Jan's Blog Flower
  janmark2@aol.com



Links

Netflix


Now reading . . .

"Journey into the Whirlwind"
by Eugenia Semyonovna Ginzburg

"The Wind in the Willows"
by Kenneth Grahame

"The Kite Runner"
by Khaled Hosseini


Sunday, September 3, 2006

The Raccoons Are Coming

When I took a basket and went out to pick some grapes, imagine my surprise to find that there were no grapes! What happened to the bunches that were hanging there a few days ago, nearly ready to eat? They were all gone! Every one! It must have been the raccoons. We saw a couple of little ones going over the fence recently. We don’t mind sharing but raccoons evidently don’t share!

I remembered the news item I had seen recently, about the gang of raccoons rampaging through the city of Olympia, Washington.

PSYCHO KILLER RACCOONS TERRORIZE OLYMPIA

OLYMPIA, Washington - A fierce group of raccoons has killed 10 cats, attacked a small dog and bitten at least one pet owner who had to get rabies shots, residents of Olympia say. Some have taken to carrying pepper spray to ward off the masked marauders and the woman who was bitten now carries an iron pipe when she goes outside at night.
"It's a new breed," said Tamara Keeton, who with Kari Hall started a raccoon watch after an emotional neighborhood meeting drew 40 people. "They're urban raccoons, and they're not afraid."

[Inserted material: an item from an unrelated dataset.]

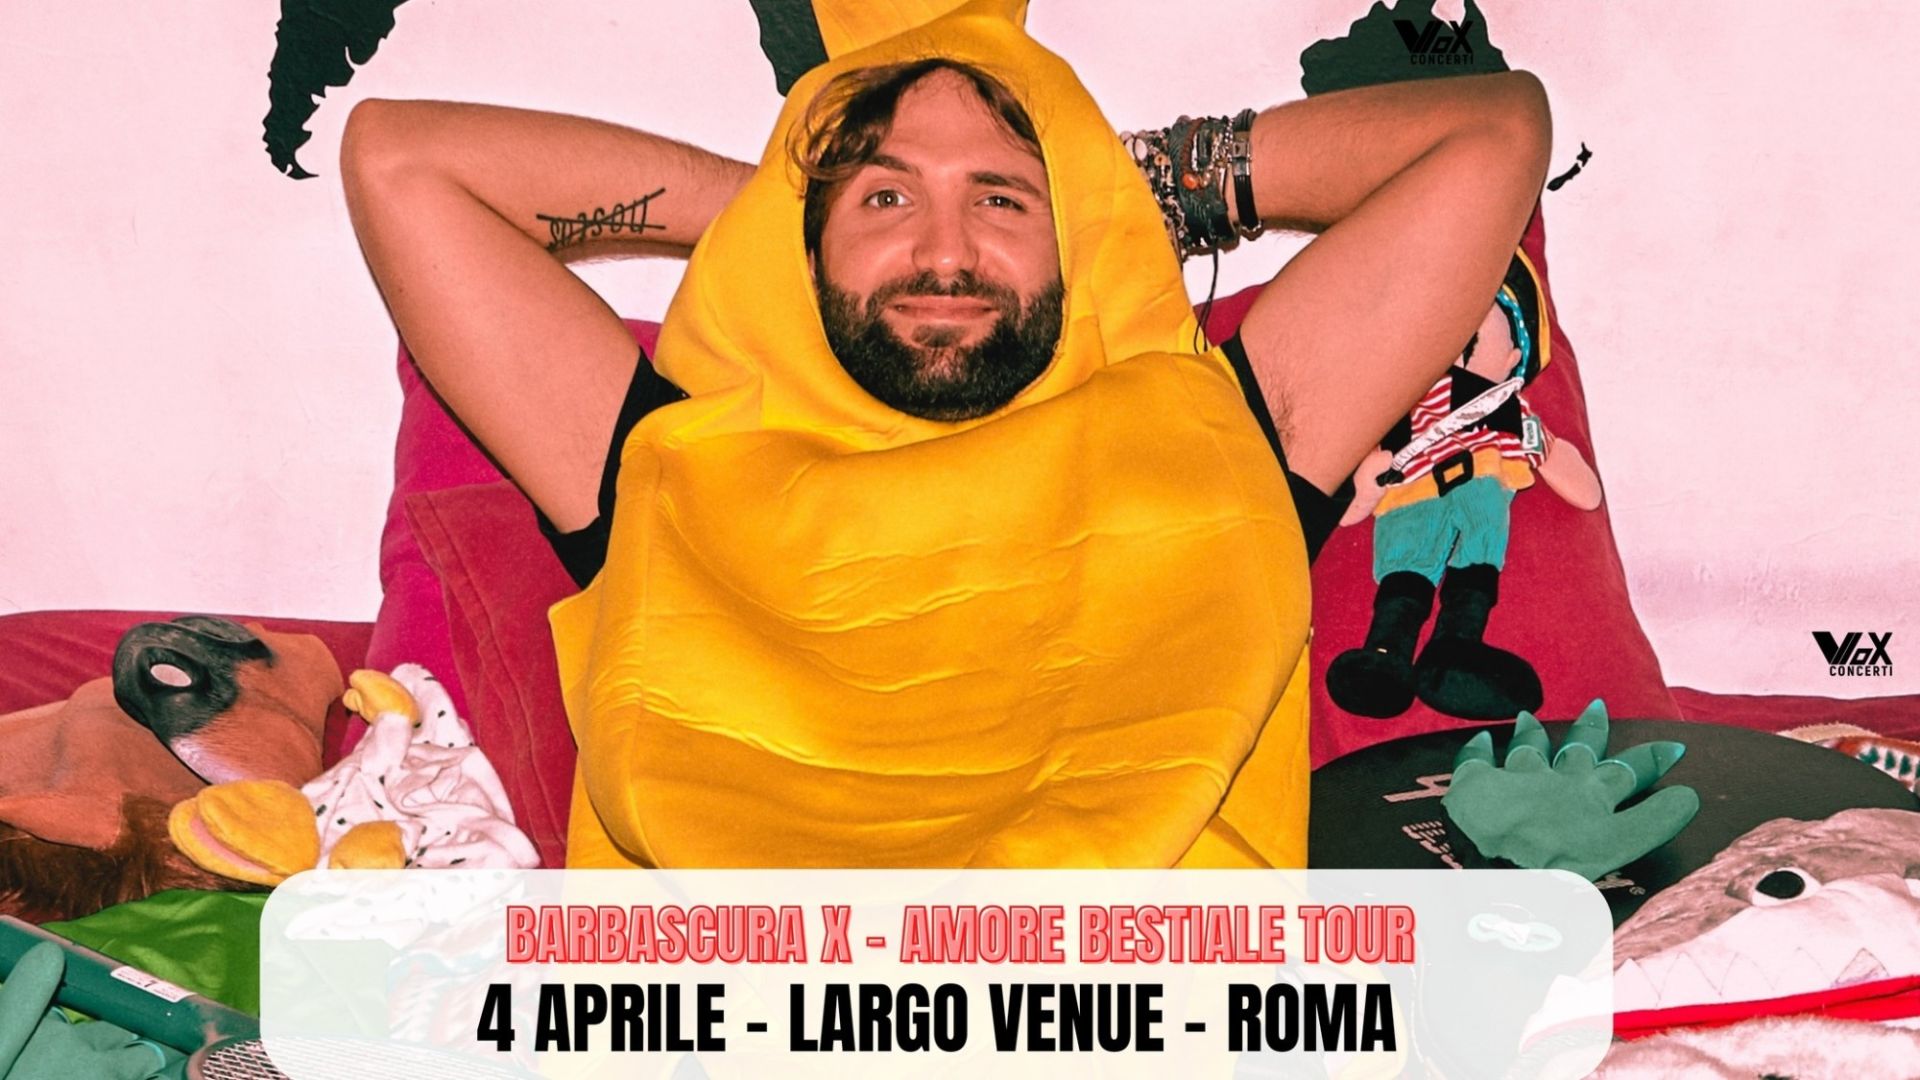 Barbascura X - "Amore Bestiale Tour"

Then I read about raccoons in Brooklyn:

On Friday evening, Tobyjoe and I walked to Miyako on North 7th to get some Sushi. As we were leaving, we saw a small group of hipster gals standing at the empty lot next to the Fish Shack. They were giggling and bending down and taking pictures. Knowing that there are numerous stray cats in said lot, I figured they were having a moment with the kitties. We walked up and looked in. Mind you, it was very much still daylight and so you might imagine how shocked I was to see a pack of raccoons swarming the lot. They were tearing into a bunch of cat food cans left there for the strays while the strays were standing outside the fence where the people were, scared out of their heads and equally as confused and perplexed as we all were. Tobyjoe counted 6 raccoons. There was a mother whose nipples were still stretched out from all the work and at least 5 babies. They were fighting with one another over the food. They were making noises like gremlins. It was actually kind of scary.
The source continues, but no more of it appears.